Remove unicode characters within range

Dan Wier

I have a large text document that includes accented characters like æøåáäĺćçčéđńőöřůýţžš. I am trying to remove all unicode characters between 0 and 96 with the intention of leaving behind these characters only so I can make sure that when I process text like these that I know what special characters I need to be able to handle.

This regular expression I would expect to work but the accented letters are still removed. I presume it’s using unicode hex code rather than number?

[\u0001-\u0096,-]

I don’t see a n++ character class that would work either. Any sugestions?

PeterJones

@Dan-Wier

As the manual says, \u#### notation is for Extended Search Notation, not regular expression match by character code notation. Extended search does not have range notation.

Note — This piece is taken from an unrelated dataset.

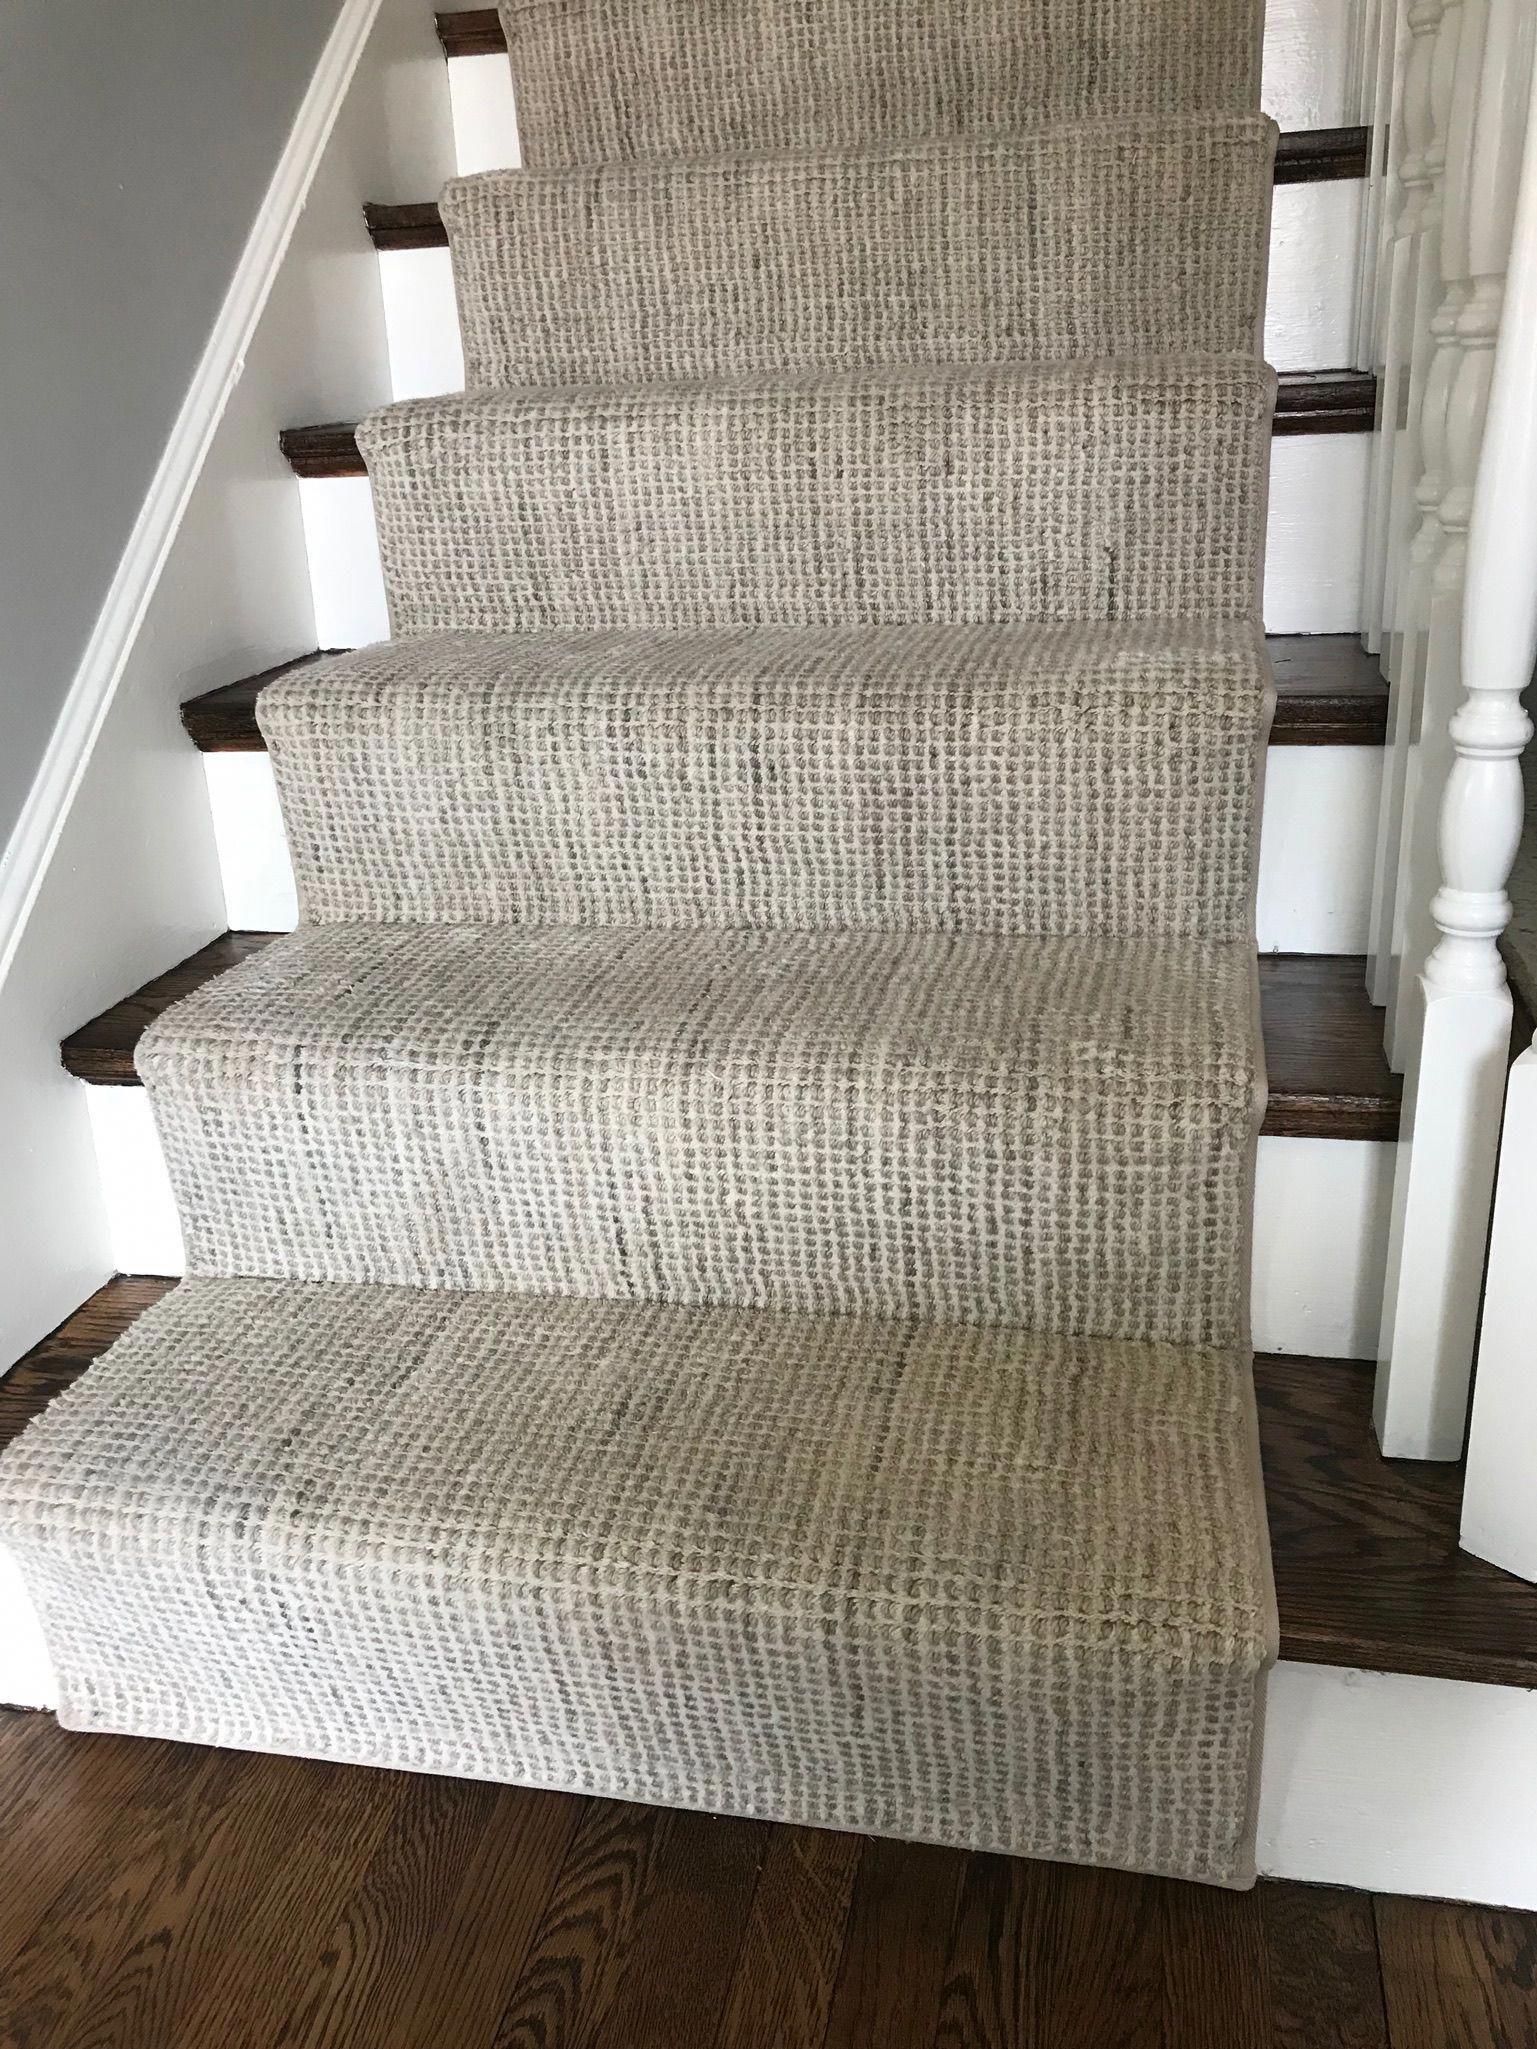 Best Carpet Runners For Sale Melbourne Carpetrunnersbytheyard 640 x 480

Make sure you use it in the right situation.

In regular expression, you use \x{####} for four-nibble unicode characters.
[\x{0001}-\x{0096}] will match from 'START OF HEADING' (U+0001) to 'START OF GUARDED AREA' (U+0096) … an odd range to pick for your stated goals, but whatever makes you happy on that.

And, BTW, the ,- is useless, since comma and hyphen are already in that Unicode range.

With regular expression mode and regular expression syntax, it matches the right characters.

Dan Wier

@PeterJones Thank you so much for not only the answer but explaining the difference notation. I may need to adjust my range but it felt like a good place to start to see what I get back from these documents.